Corporations build research partnerships with medical schools by their
contributions to fundraising campaigns, endowed chairs, and providing money for
research infrastructure (Polaris Institute, 2003). Their research dollars are
given to research projects that have a technical or applied science pay-off. For
example, “UBC has a $15-million, 3-year research contract with a pharmaceutical
company (Merck Frost Canada Inc.) and is discussing joint research ventures with
other private-sector partners”(Thorne, 1997, p. 1613). Within Ontario, in 1998,
Novartis contributed 1.5 million to the University of Western Ontario for the
establishment of a research chair in Xenotransplantation (Polaris Institute,
2003). In addition, GlaxoSmithKline has contributed $3.75 million to the
Structural Genomics Consortium at the University of Toronto, $5 million to fund
basic and clinical research projects in respiratory health to the McMaster
University, and $4 million to the University of Ottawa for research in genetics
and pathophysiology of metabolic diseases (GlaxoSmithKline, 2004). When medical
schools conduct research activities funded with private dollars, they tend to
produce a scientific research oriented curriculum, not a community-oriented
curriculum. As an informant asks:
So, how does that affect the
universities and their social responsibility for medical education?… They’re
what drive priorities for the university curriculum. It’s why there is such a
huge emphasis on biomedical and technological types of things for the medical
school trainees. If you look at that five-year agenda, one of the big things is
science. [When] we want more scientists, those are biomedical scientists—why?

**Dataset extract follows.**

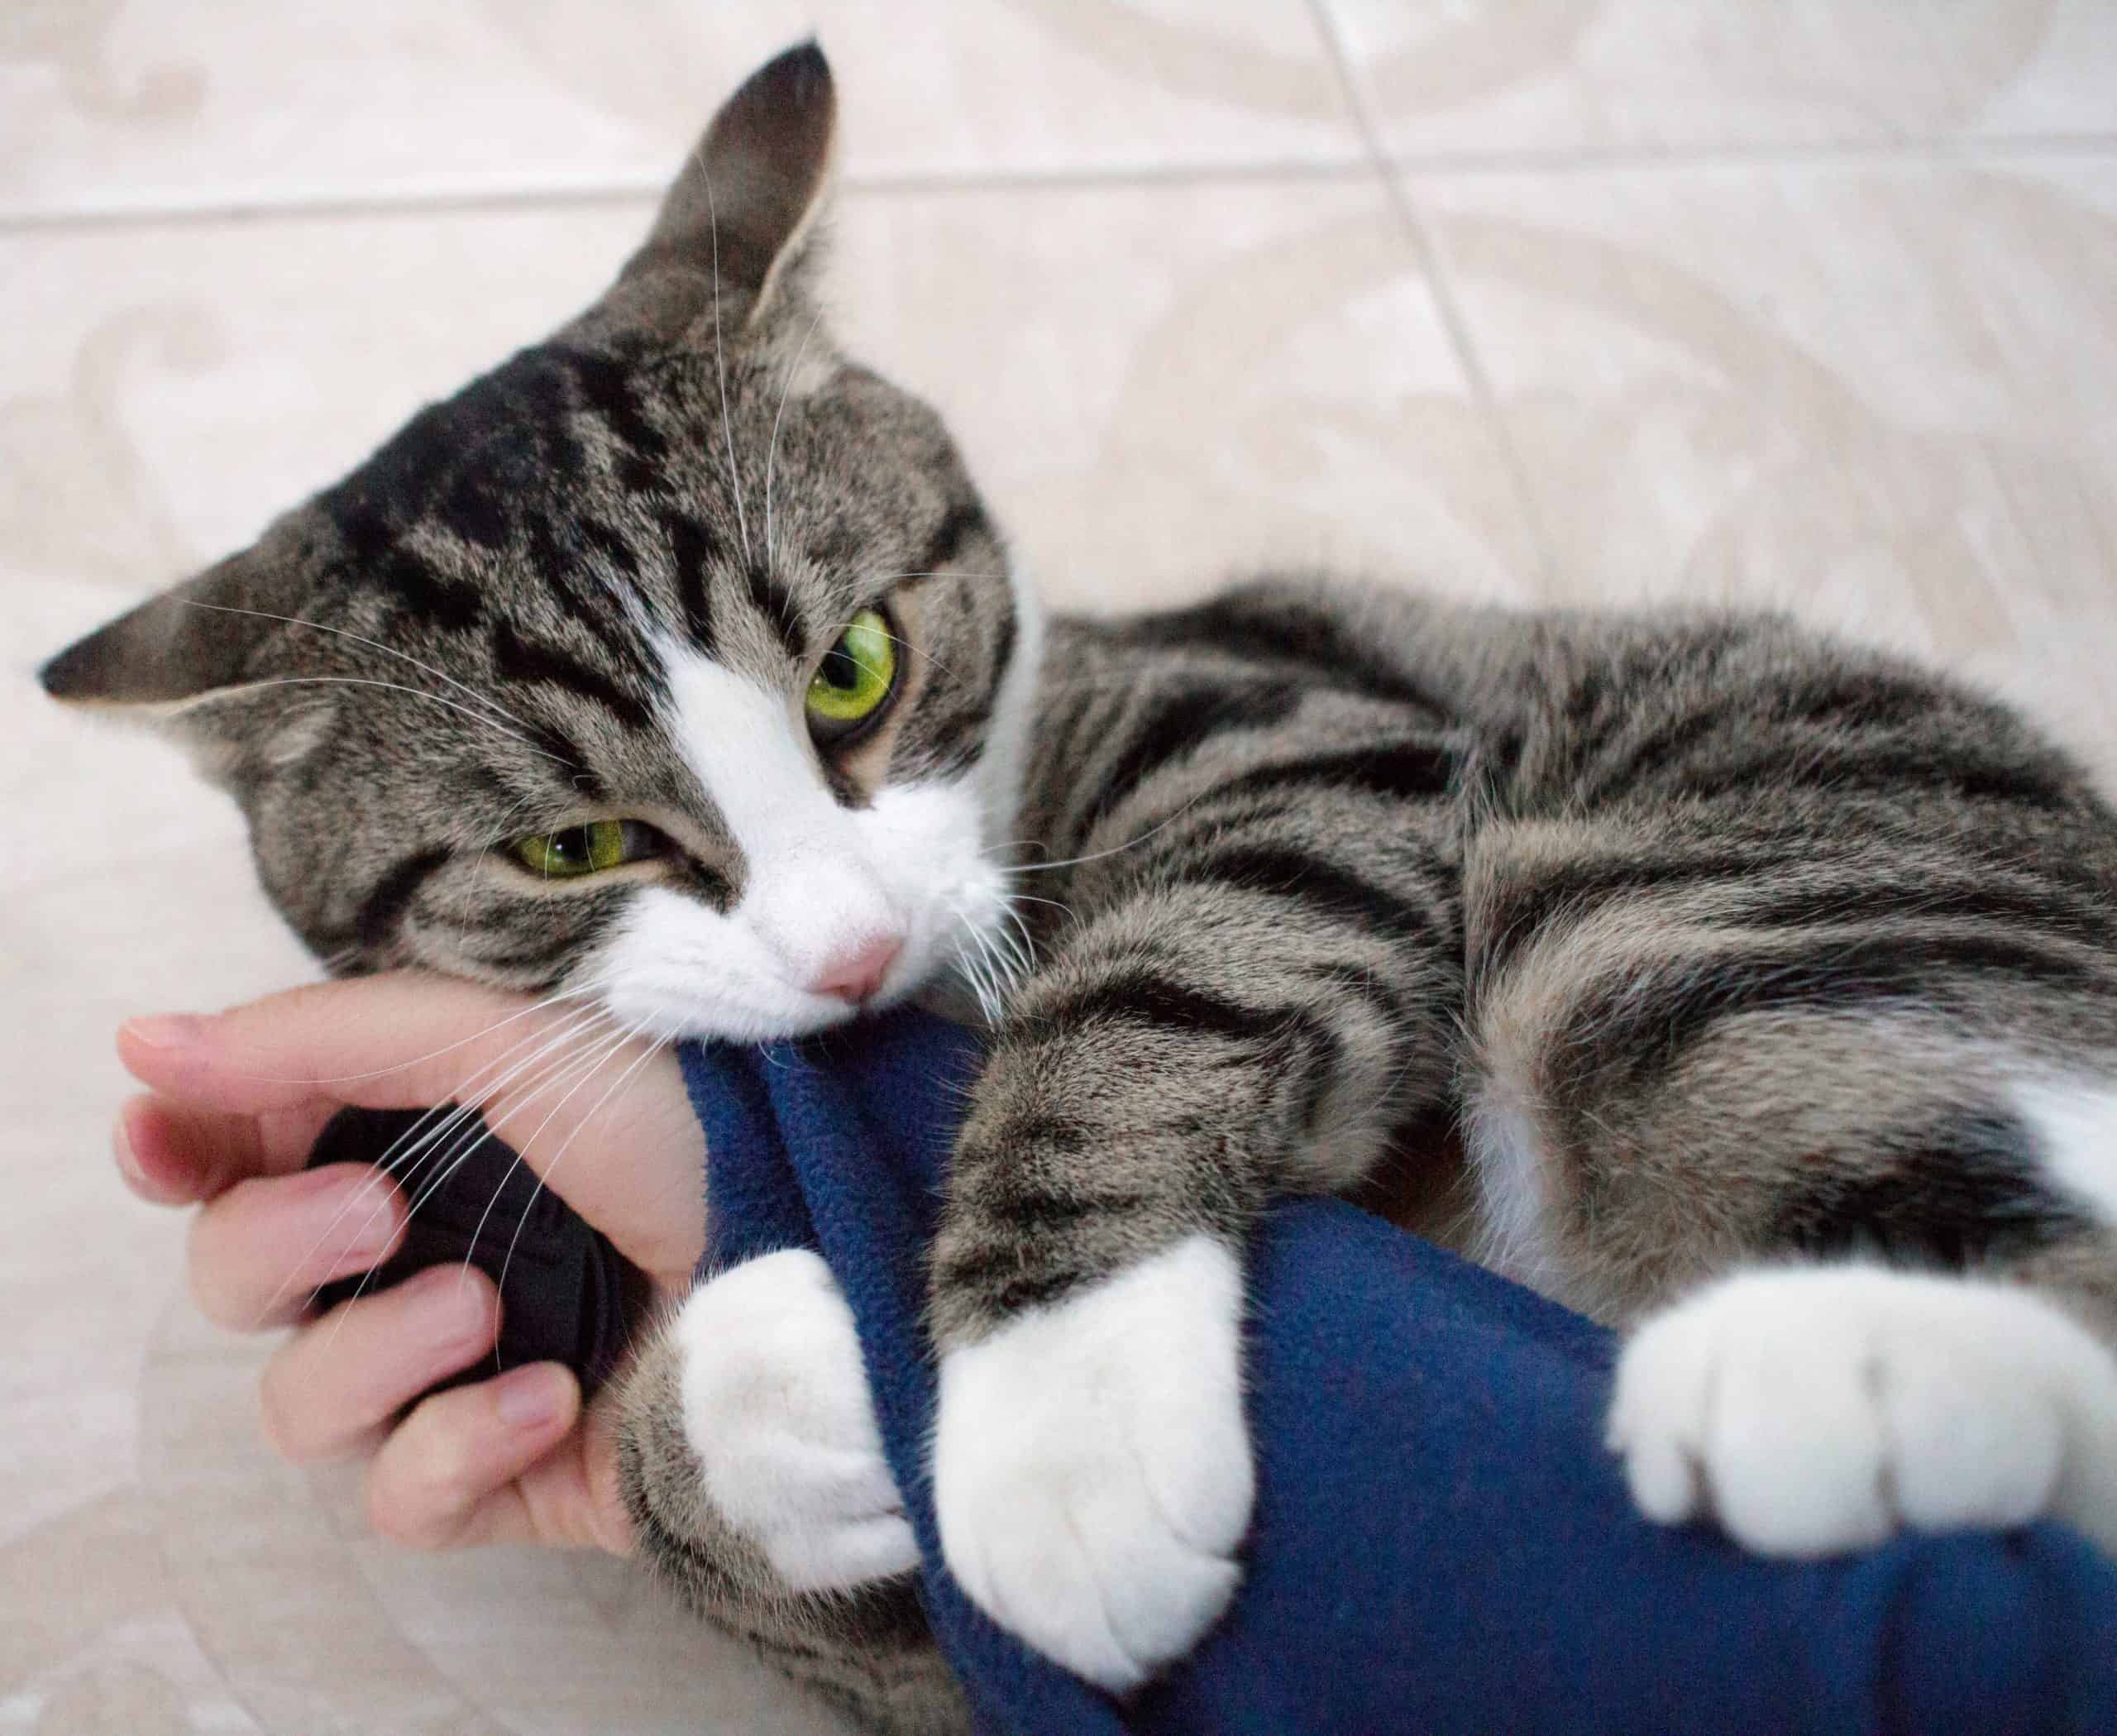 Domestic pet cat with bright green eyes plays biting arm sleeve

Well, big money is in there too. The more money you get, [the] more research
that’s being driven by people in your medical school, the more prestigious your
university will be, [and] your faculty of medicine can become.
This is how corporate
funding takes medical schools away from social responsiveness- the knowledge generated by this kind of
funding cannot be shared. The research generated by medical schools also gives
corporations a competitive edge. For the corporation to maintain this
competitive edge, medical researchers most often sign contracts that do not
permit them to share research grant results with other parties such as the
community or even to publish the results. For example in 1997, the University of
Toronto signed over the rights to any drugs or therapies that emerged from
research on Alzheimer’s disease to Schering Canada (Muzzin, 1999). This results
in the commodification of knowledge and they become “intellectual property”
through protections such as patents (Shiva, 2000). Therefore, the knowledge
produced is not public knowledge but private knowledge. And private knowledge
tends not to be disseminated into the community. In addition, there is some
evidence in Canada that supports the notion that when clinical research results
go contrary to corporate interests, there have been attempts to suppress those
research findings by pharmaceutical companies (Baird, 2003). Alarmingly, many
academic researchers’ future prospects and careers depend on renewed industry
funding, which may force them to be complacent and not speak against corporate
interests (Baird, 2003). This limits the social benefits of the knowledge
produced and moves medical schools away from social
responsiveness.
With corporate funding, and
the emphasis on reductionist biomedical research, education activities become
less central and important (Bloom, 1988). As the funding that comes from
educational sources such as tuition, competitive training, grant programs and
subsidies is dwarfed by private money, “the medical school is forced to maintain
itself indirectly on the resources that are allocated to support the goals
either of research or of the technology of the specialized tertiary care typical
of teaching hospitals” (Bloom, 1988, p. 298). Following the logic of this
situation, educational values become secondary to the priorities of funding in
medical schools5.
Ontario Medical schools cannot ignore the pace at which science and
technology is changing the face of medicine and all of the medical schools want
to be part of these changes. As one of my informants
explains:
[This] university is
corporately talking about the rapid changes in science. And so are the other
medical schools. They don’t want to be left out of major scientific changes that
[are] taking place. They all want to be in [on] the act.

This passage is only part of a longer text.